It uses the normal 2.5-inch form factor, not something smaller

Jun 3, 2013 07:38 GMT  ·  By

Tablets usually employ embedded solid state memory chips or very small MSATA solid-state drives for storage, but laptops still use HDDs mostly, which is why Seagate, Western Digital and Toshiba worked hard on super-thin models.

After all, regular 2.5-inch mobile drives of 9 mm and 7 mm thickness may be fine for regular notebooks, but the same cannot be said about ultrabooks.

Especially when there are some ultrabooks which, even closed, are actually thinner than tablets.

Obviously, makers of platter spinners had to create high-capacity platters and then miniaturize the motor and reading mechanisms as well.

First came the move from 9 mm to 7 mm, and lately we've been seeing definite activity on the small 5 mm drive industry.

Western Digital was first, one might say, but Seagate has launched one as well, with a capacity of 500 GB.

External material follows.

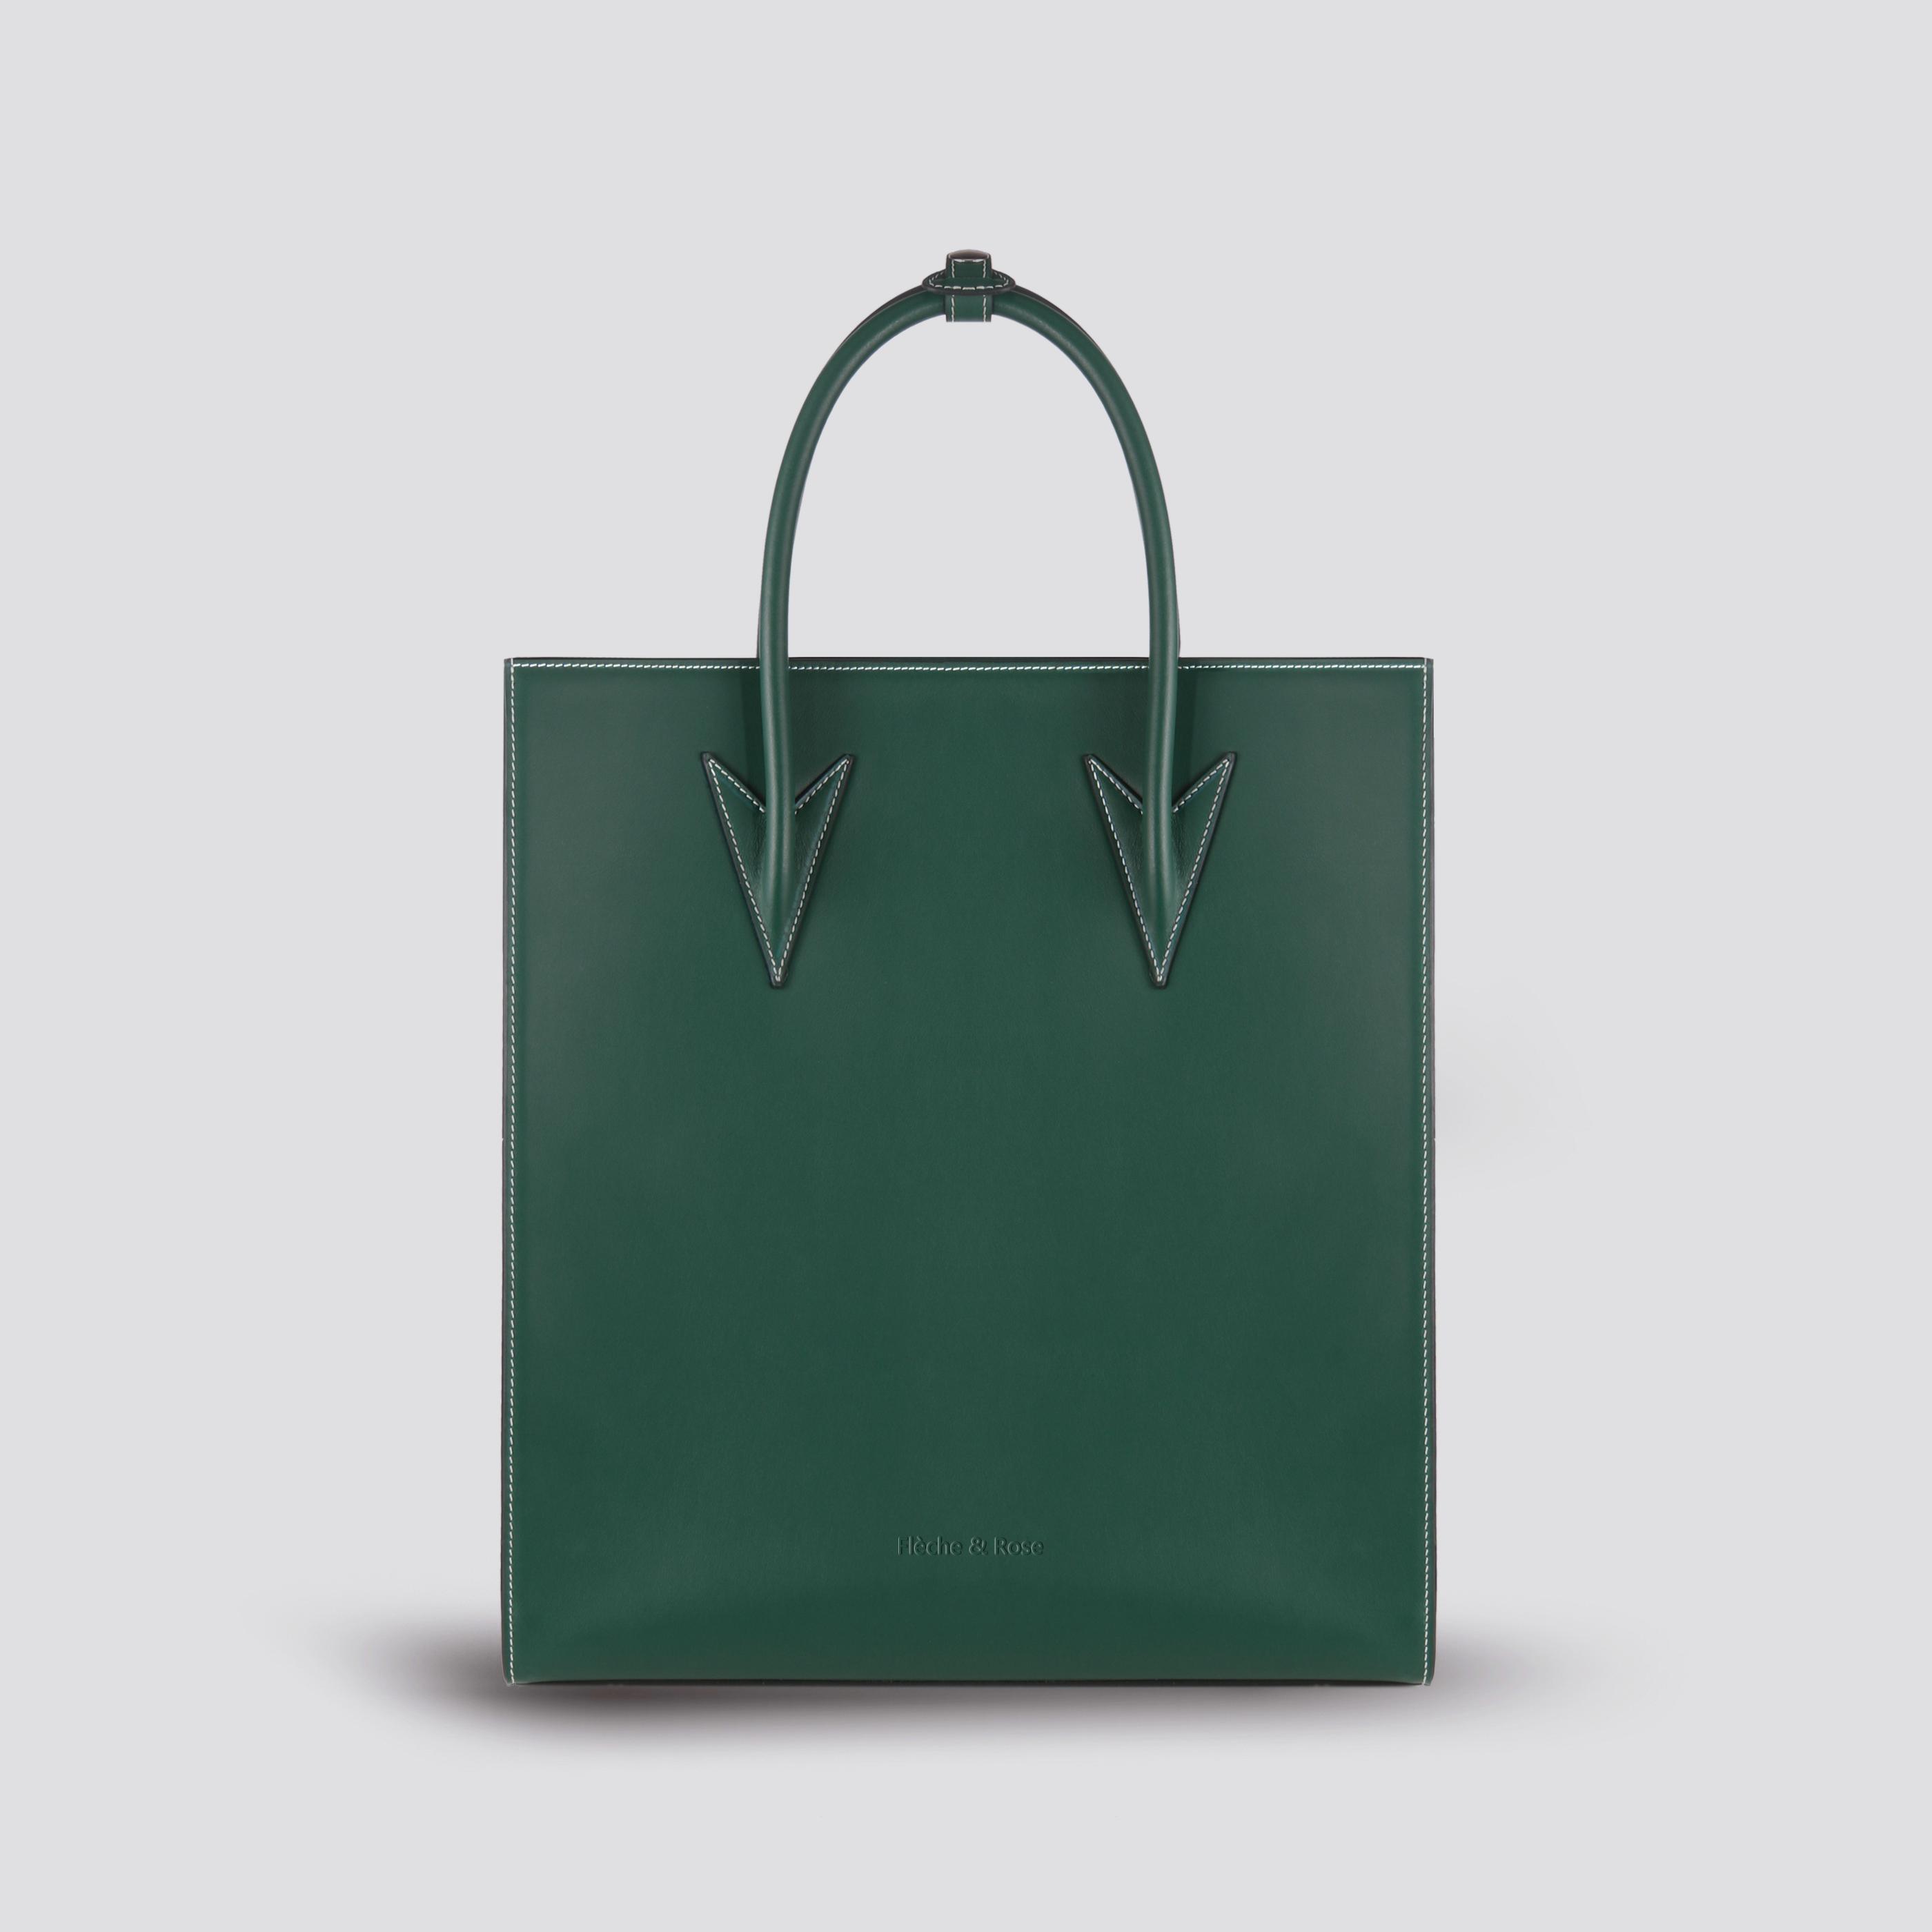 Fleche rose arrow handbag piano score bag vertical casual cowhide fashion large green

"When we originally demonstrated this solution last September, we knew we had a truly innovative product that would empower our partners to reimagine mobile applications," said Steve Luczo, president, CEO and chairman of Seagate.

"The strong support from our OEM partners indicates we have delivered on our vision and look forward to a new wave of innovative solutions enabled by this revolutionary product."

The drive has a price of $89 / €89 and has, so far, been used in ASUS and Dell laptops. Or soon will be included in them. Computex 2013 (June 4-8) will act as staging ground for them.

"The new Seagate Laptop Ultrathin truly raises the bar, enabling us to finally create high-capacity, thin and light laptops that consumers crave at mass-market price points they can afford," said S.Y. Shian, corporate vice president and general manager of Asus' notebook business unit.

"The drive's capacity, coupled with its ultra-slim, lightweight footprint, empowers our engineers to think out of the box and create truly ground-breaking, innovative system designs- it's a win- win for both us and the consumer."